%%

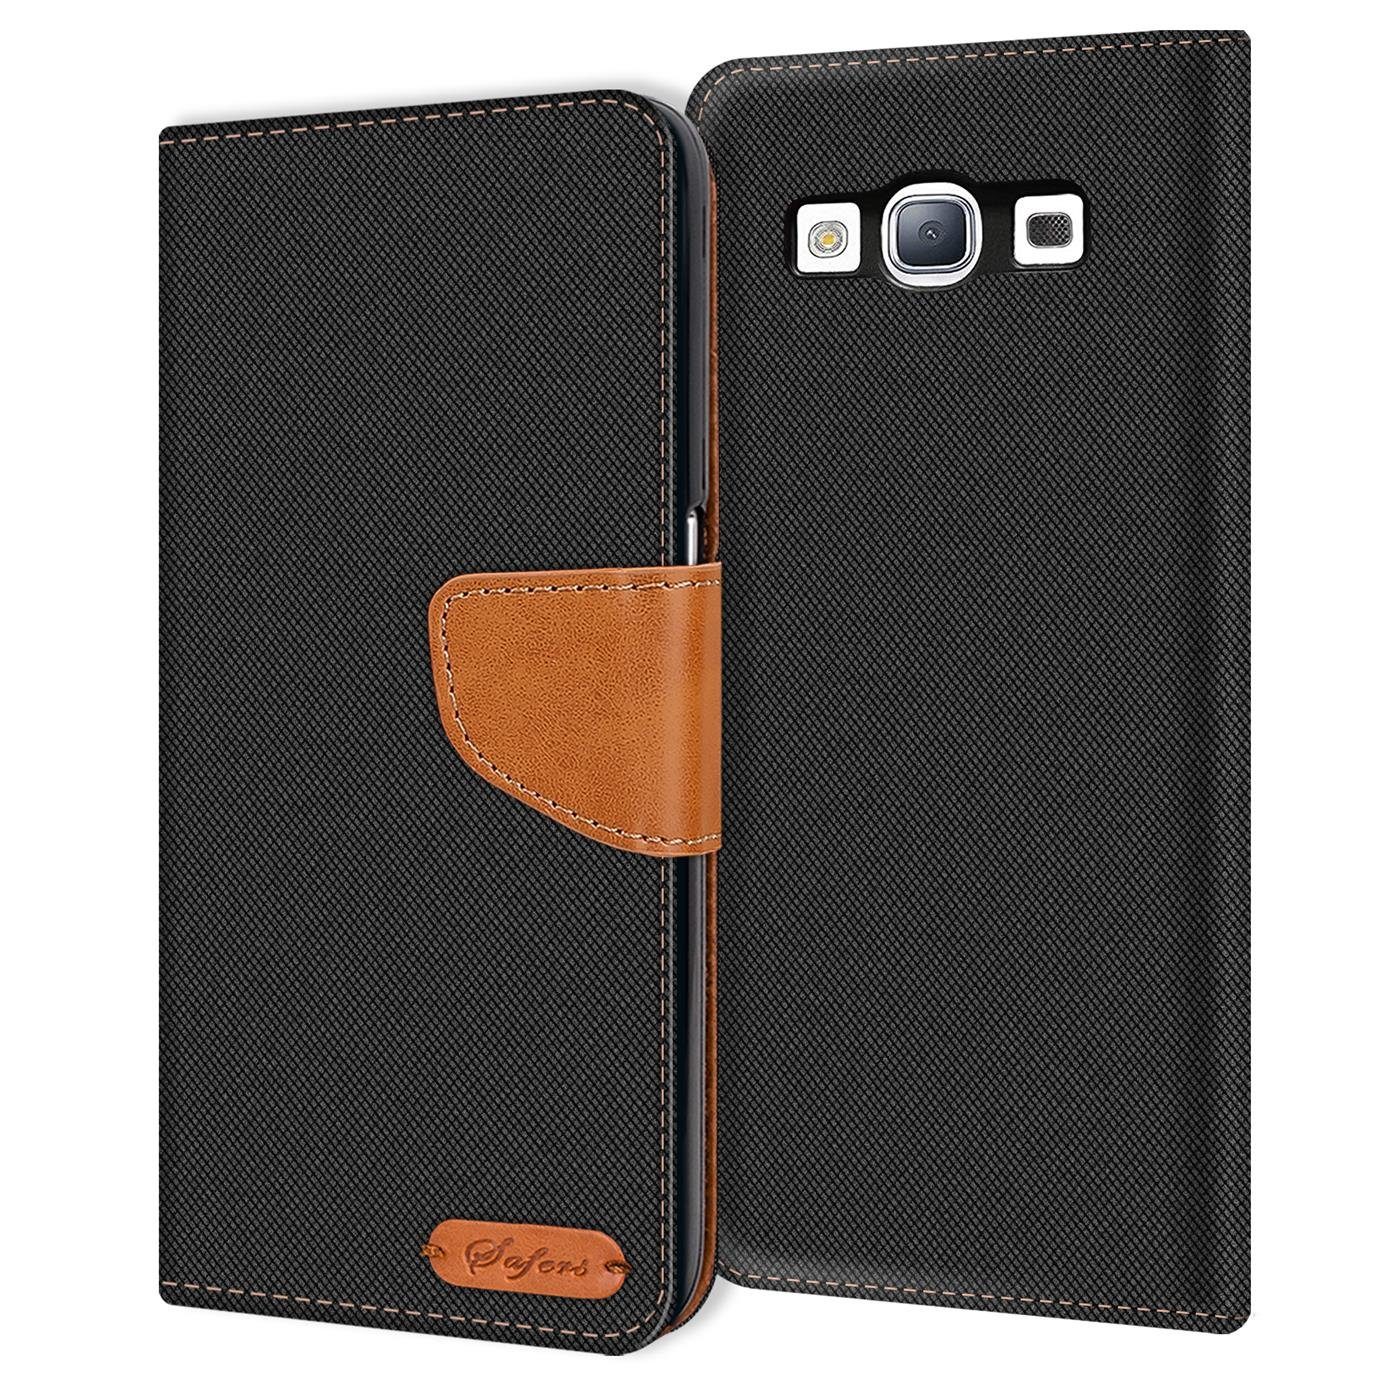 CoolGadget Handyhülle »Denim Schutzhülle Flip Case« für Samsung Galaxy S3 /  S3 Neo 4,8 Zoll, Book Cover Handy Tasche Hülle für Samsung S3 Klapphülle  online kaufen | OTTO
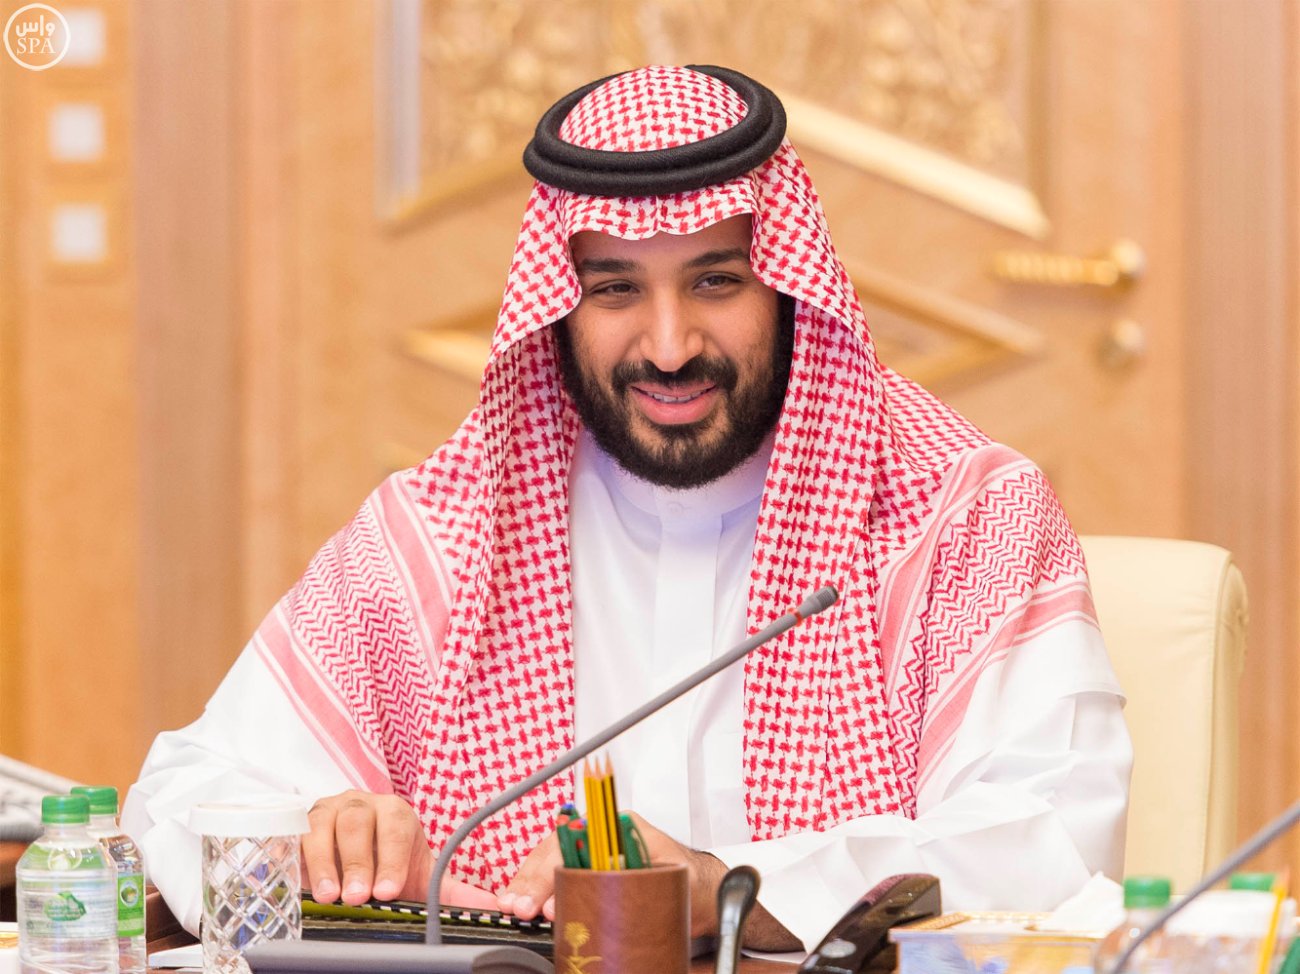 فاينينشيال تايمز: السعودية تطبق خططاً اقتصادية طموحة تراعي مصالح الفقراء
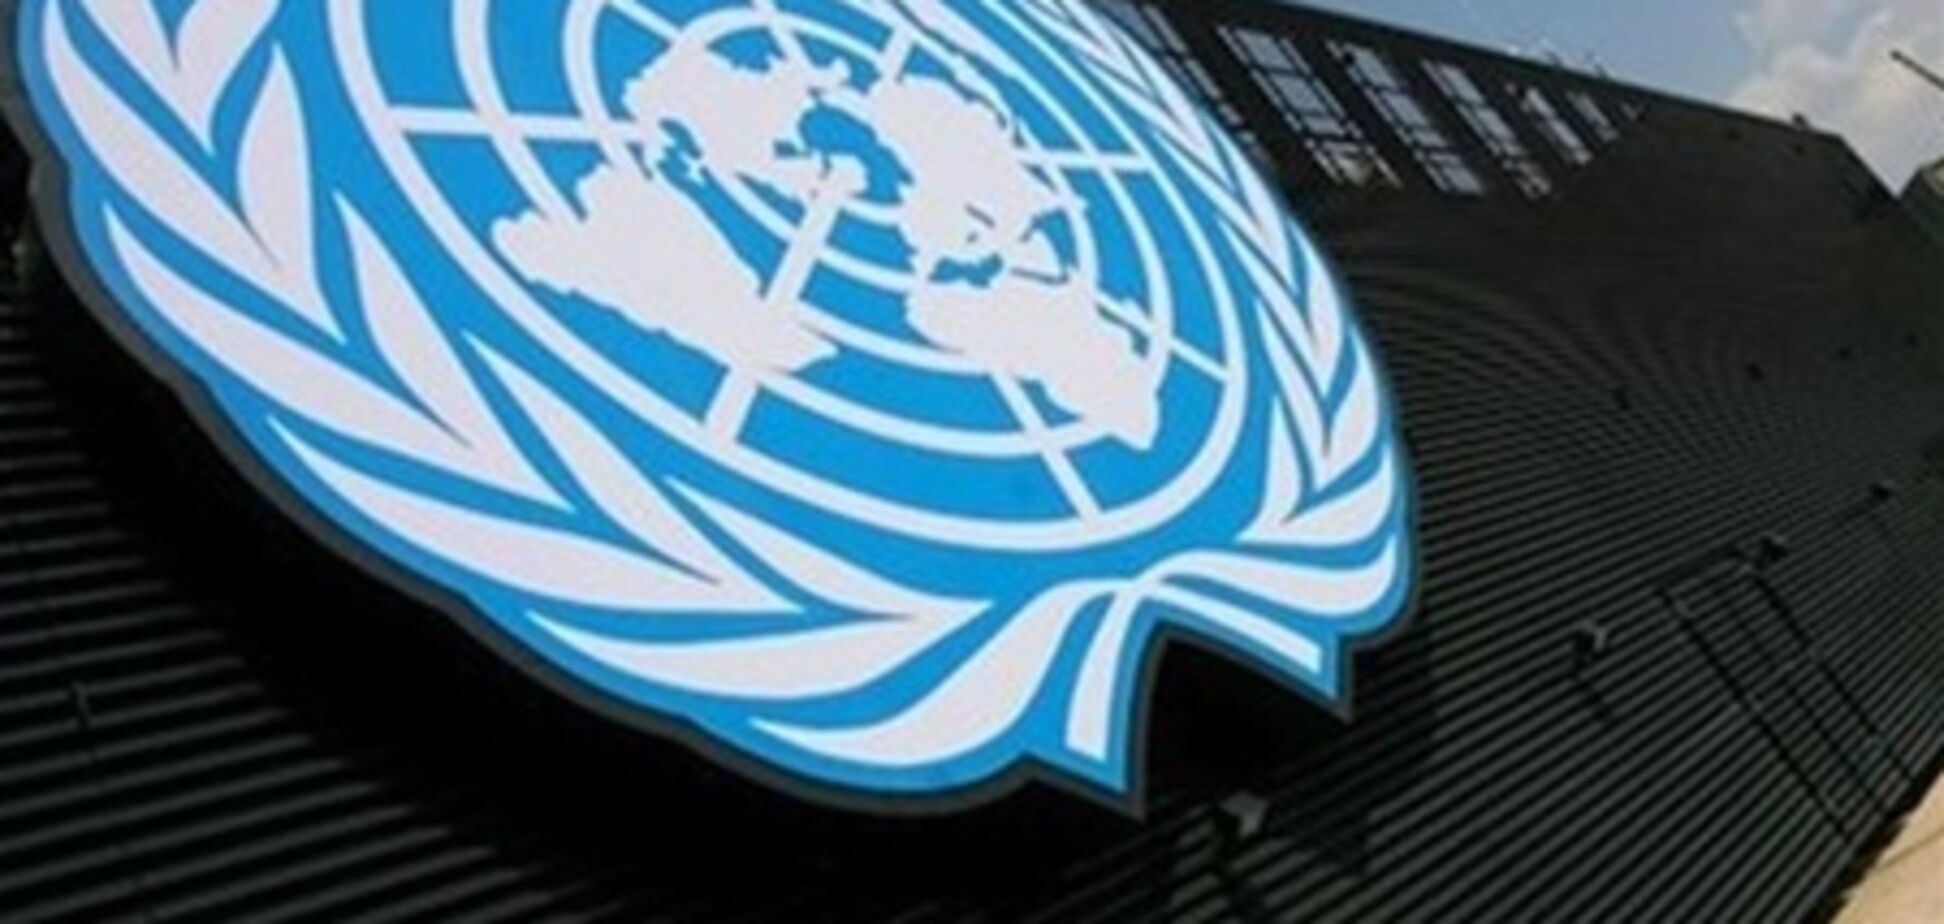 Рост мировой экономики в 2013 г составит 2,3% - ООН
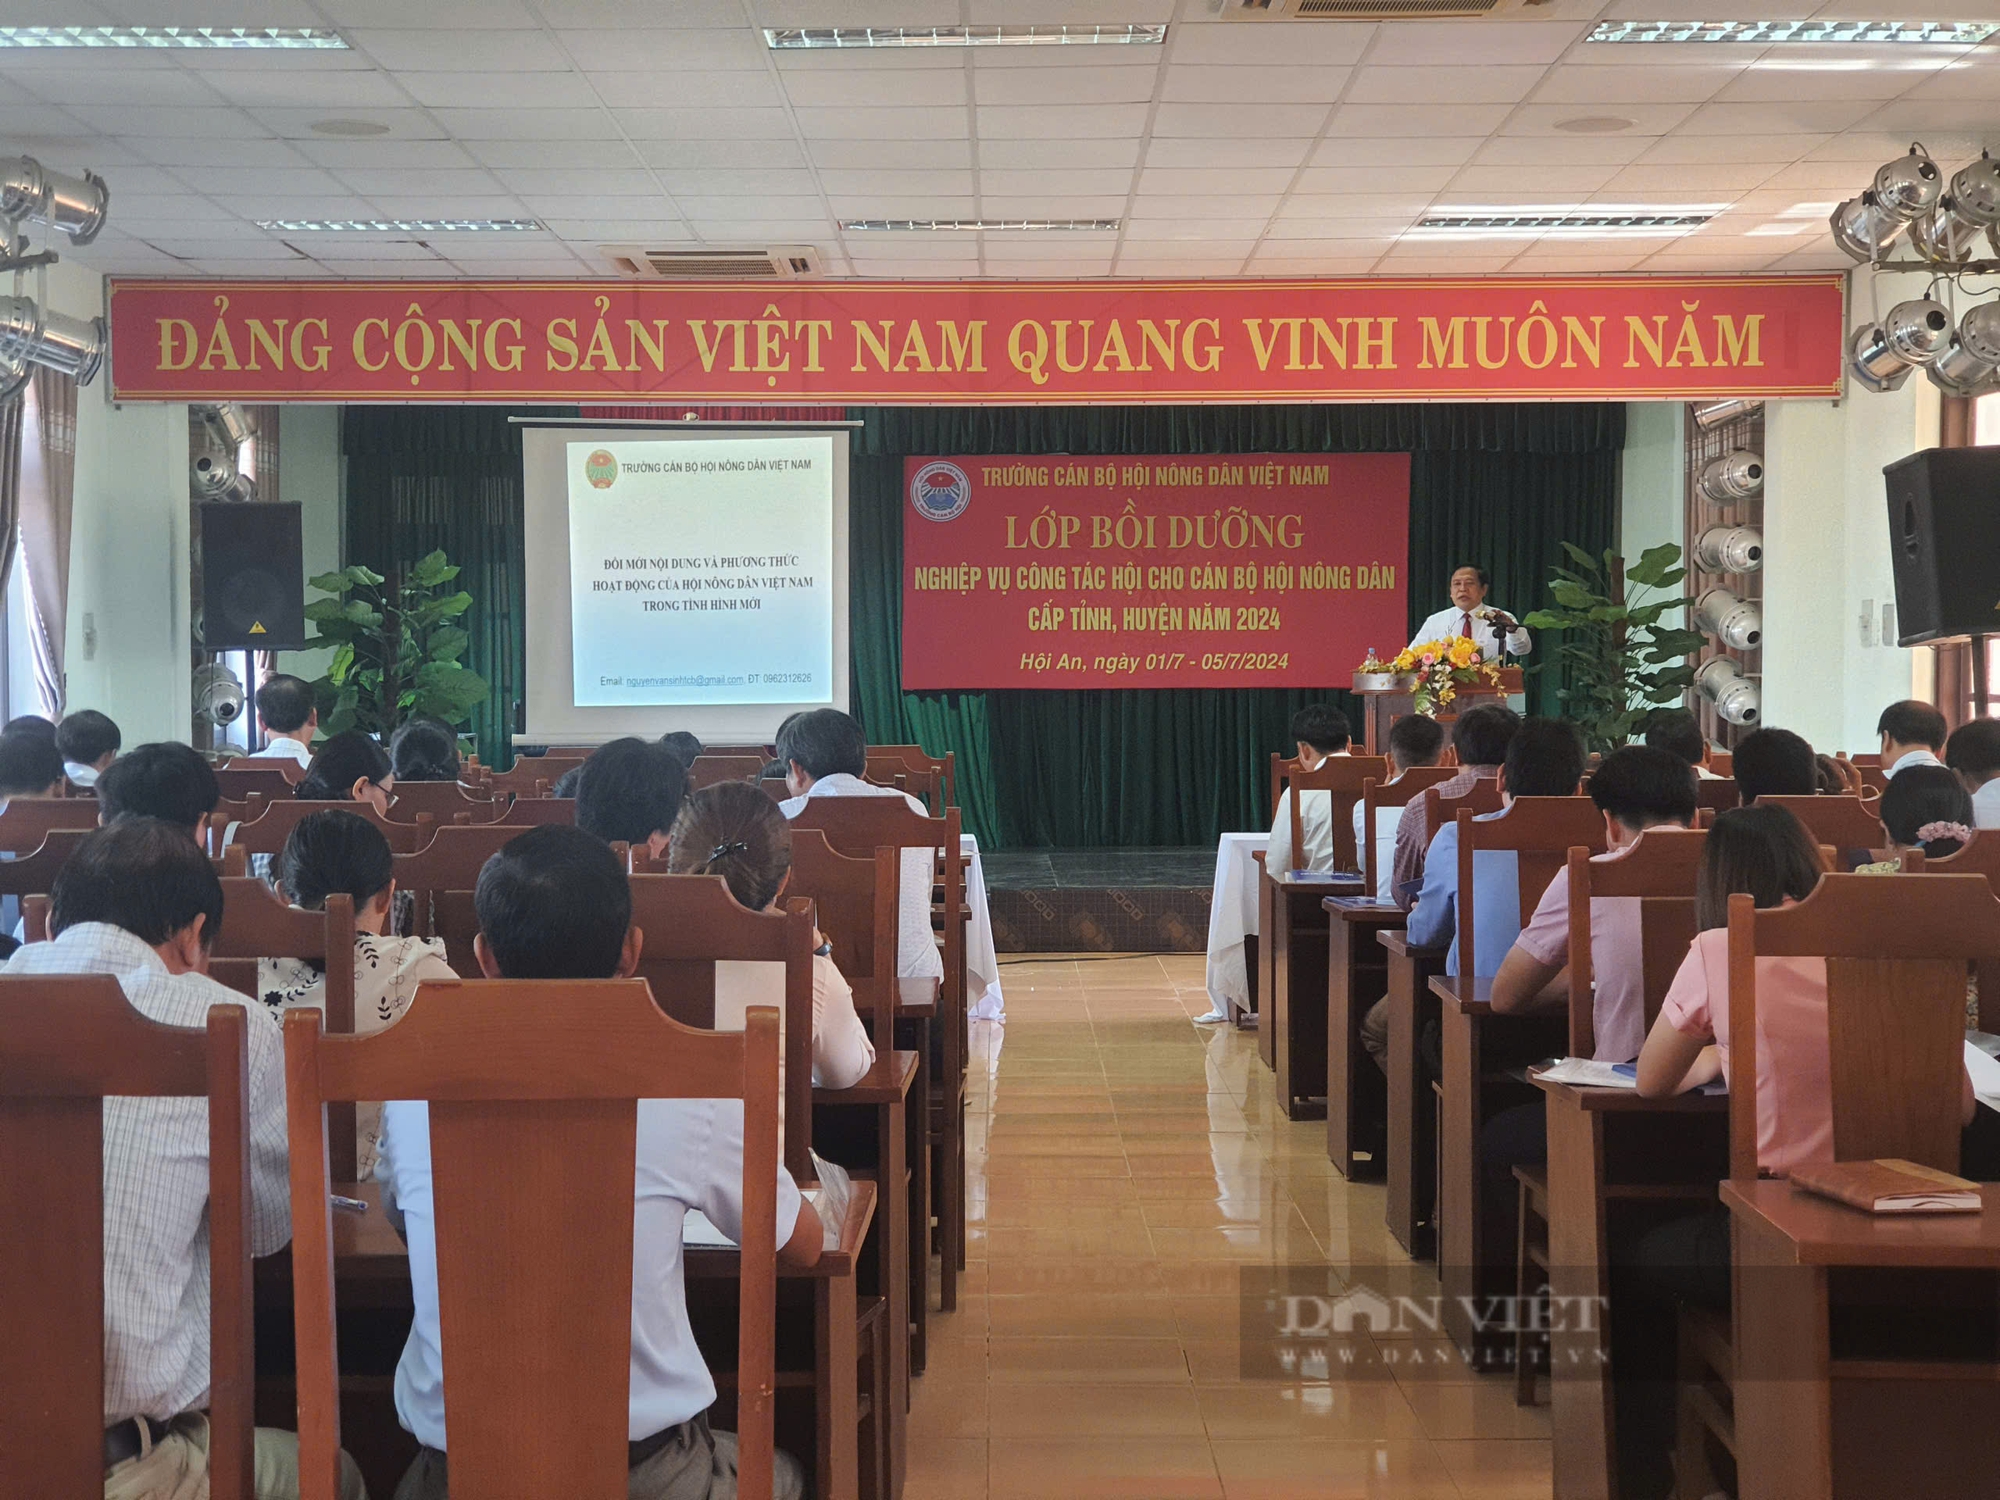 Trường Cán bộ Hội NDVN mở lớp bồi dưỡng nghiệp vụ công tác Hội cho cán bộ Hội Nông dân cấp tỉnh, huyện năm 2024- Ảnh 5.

%%

◆ **Your assignment**
Produce an exact copy of the lines from the line containing "Рост мировой экономики" to the end of the material, both ends included, and omit every picture.

◆ **Answer**
 Рост мировой экономики в 2013 г составит 2,3% - ООН
 Trường Cán bộ Hội NDVN mở lớp bồi dưỡng nghiệp vụ công tác Hội cho cán bộ Hội Nông dân cấp tỉnh, huyện năm 2024- Ảnh 5.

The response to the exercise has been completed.